Do you feel resistance to change?
If you have used EFT / Tapping for any length of time you will probably know that some thoughts feelings and behaviours can be difficult to shift.
This can be confusing, if you really want to change, the resistance to it doesn’t make any sense.
One way of understanding this is to give up the idea that you are a single, unitary, individual (which is what your conscious mind would have you believe) and think of yourself as a system of many parts, most of which are at work below the level of consciousness.
It’s as if the conscious self is the captain of a ship, choosing a course and giving commands, and all the other parts are the ship’s crew: sailors, engineers, deckhands who actually do the work.
If the captain and the crew are in alignment about what to do and where to go then the ship works well. If there is conflict between the captain and the crew then problems may arise.
A lot of resistance to change can come from a conflict between different aspects of ourselves.
Our conscious mind wants to make the change - lose the difficult emotion, change the unhelpful behaviour or dissolve the limiting belief - that’s why we are doing the tapping after all. Other parts of ourselves below our conscious minds may have different ideas about what we need and resist our conscious intention.
Your resistance may be trying to keep you safe
It’s easy to get annoyed with this resistance if it blocks your way, but it is there for a purpose, usually to protect you. Our resistance to change is one way that our system tries to protect us from danger.

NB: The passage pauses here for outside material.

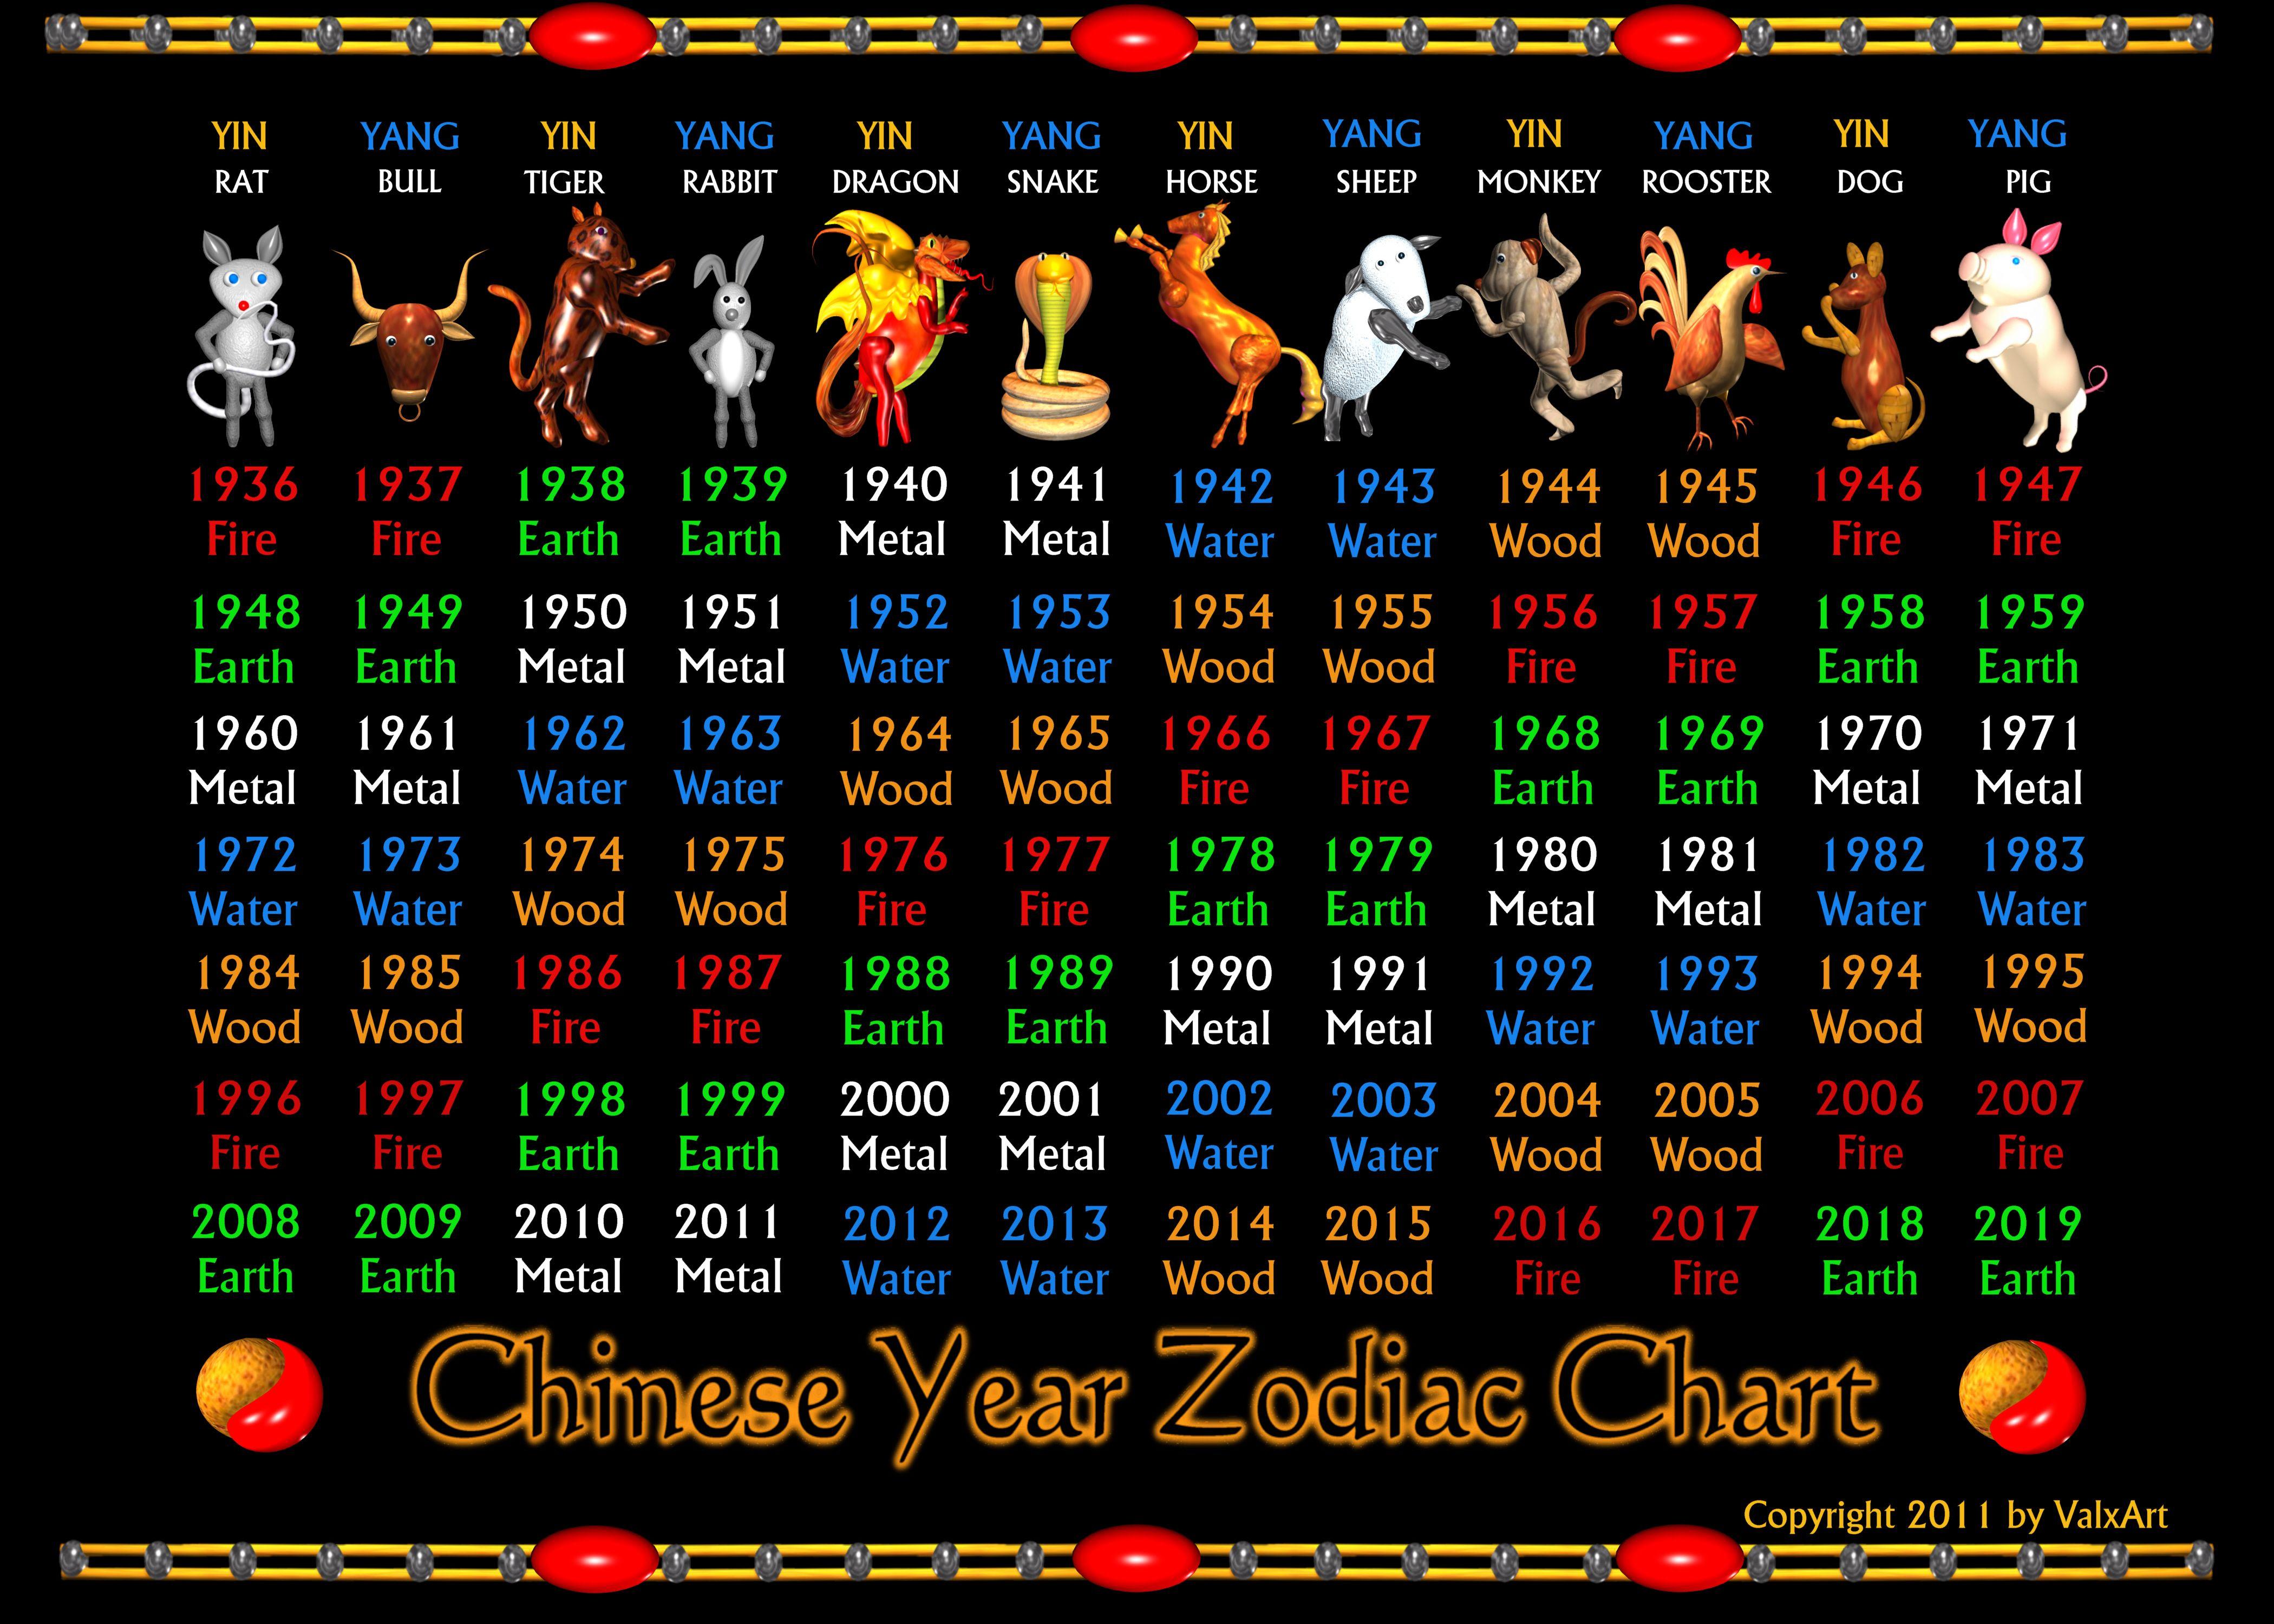 ValxArt Chinese zodiac poster 1936 to 2019 Zodiac years

Many of our danger protection systems are installed at an early age. These danger detectors are built to cope with the situation as it existed back then, using the capabilities you had at the time.
Over the years those systems have been streamlined and forgotten, woven into the fabric of your being.
In some cases the danger you are being protected from has long gone, but the protection system runs on regardless, being triggered by situations that seem threatening. Like many problems, they are solutions that have gone well past their sell-by date.
Since protection from danger is a prime motivation for our system as a whole, trying to tap your way past it may be very difficult.
In this tapping process, “I want and I don’t want”, we take pains to acknowledge any resistance and tap with it, rather than against it.
If you find for some reason that you are not getting over a difficulty, or feeling, or a behaviour that is stuck, this little tapping technique may help you loosen the resistance that holds it in place.
Instructions
Tap on two alternating statements
I want to get over this, and I don’t want to get over this
- EB: I want to get over this
- SE: and I don’t want to get over this
- UE: and I want to get over this
- UN: and I don’t want to get over this
- CH: and I want to get over this
- CB: and I don’t want to get over this
- UA: and I want to get over this
- TH: and I don’t want to get over this
By alternating “I want to get over this” which is what your conscious mind wants and “I don’t want to get over this” which is acknowledging the part of you that resists it; and in joining those two thoughts in the same tapping statement with an and, you can acknowledge both sides of that inner conflict and tap it through.
As you work through these rounds of tapping you may find that you have some thoughts and ideas popping into your mind about why you want to get over this and why you don’t want to get over this.
Those thoughts and ideas may give you a little more clarity on what you want to do and it may give you further material for tapping and help you come to the right decision for you.
This process will help you clear out some of the internal conflict and clutter that gets in the way of a sound decision and taking action.
It may even become clear that what the conscious mind originally wanted was not the right thing for you at that moment.
Variations on a theme
You might find these alternative phrases better fit your situation.
- I want to change and and I want to stay the same
- I don’t want to feel this and I do want to feel this
- I want to let go of this and I want to hang on to this
- I want to change this behaviour and I want to do things the same old way.
Each of these variations is a slightly different way of expressing the “I want to change, and I don’t want to change” conflict.
This tapping process is designed to acknowledge and soften the conflict rather than give either side the ability to ride roughshod over the other.